The present study does have limitations that should be considered. We have used the highest quartile of HOMA-IR to estimate the insulin resistance instead of using the hyperinsulinaemic clamp method, which could result in lowering validity. However, much consensus suggests that HOMA-IR is applicable to the large epidemiologic study especially in the nondiabetic population21,22 and can predict CVD.39,40 The cutoff of HOMA-IR to define insulin resistance might be controversial. When we analyzed these data again using the definition of insulin resistance as the highest quintile and tertile values of the HOMA-IR, however, the optimal cutoff values for WC were quite similar to those of the present study. When insulin resistant individuals were defined as those who had the highest quintile value of the HOMA-IR, the optimal cutoff value of WC from the ROC analysis was 85.5 cm for men and 81.0 cm for women. Sensitivity and specificity were 67.2% and 62.9% in men and 68.9% and 56.7% in women, respectively. In addition, when insulin resistant individuals were defined as those who had the highest tertile value of the HOMA-IR, the optimal cutoff value of WC from the ROC analysis was 83.5 cm for men and 79.8 cm for women. Sensitivity and specificity were 71.9% and 57.9% in men and 73.1% and 51.8% in women, respectively.

In addition, the results in this study may not be representative of all of the Korean population, and the cross-sectional study design limits the ability to make broad inferences from the results of this study. However, to the best of our knowledge, this is the first report proposing cutoff values of WC predicting insulin resistance as a diagnostic criterion of MetS in Korea based on a large-scale, community-based population.

In conclusion, the results of the present study show that the optimal cutoff value for WC reflecting insulin resistance is considered to be 85 cm for men and 80 cm for women, suggesting that the Asian criterion of abdominal obesity (90 cm for men and 80 cm for women) might not be applicable for middle-aged to older men in Korea. Determining the cutoff value of WC as a diagnostic criterion of metabolic syndrome in well-designed prospective cohort studies is important in identifying high-risk individuals who might develop CVD, and will help Korean health professionals to instigate intervention strategies.

ACKNOWLEDGEMENTS

This study was supported by the grants from the "2003-2005 Korea Health Promotion Research Program" of the Ministry of Health and Welfare, Republic of Korea.
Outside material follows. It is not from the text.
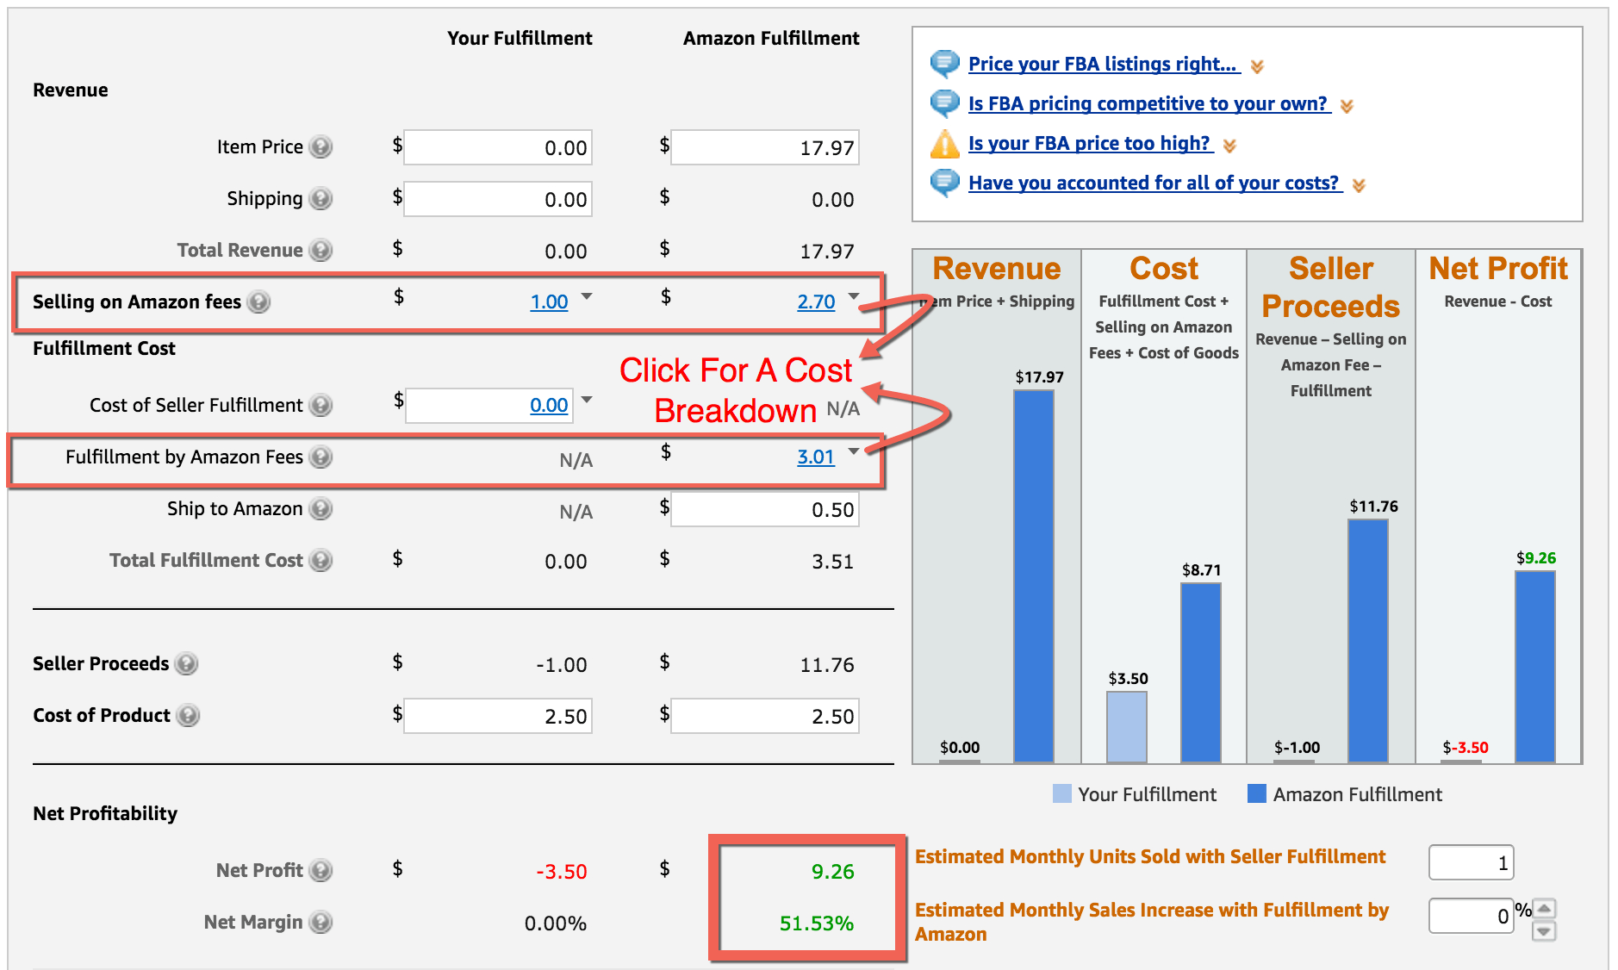 Gp Calculator Spreadsheet Throughout Fba Calculator: Free Tool To Calculate Amazon Fees, Profit  Revenue

We would like to thank Larenda Mielke at Washington University in St. Louis for assistance in revising the manuscript. We would also like to thank the personnel in the Chungju Public Health Center for recruiting the participants as well as for collecting the data for this study. In addition we thank Hee Sung Ha, MPH for her assistance in data analysis and management.

Footnotes

The authors have no financial conflicts of interest.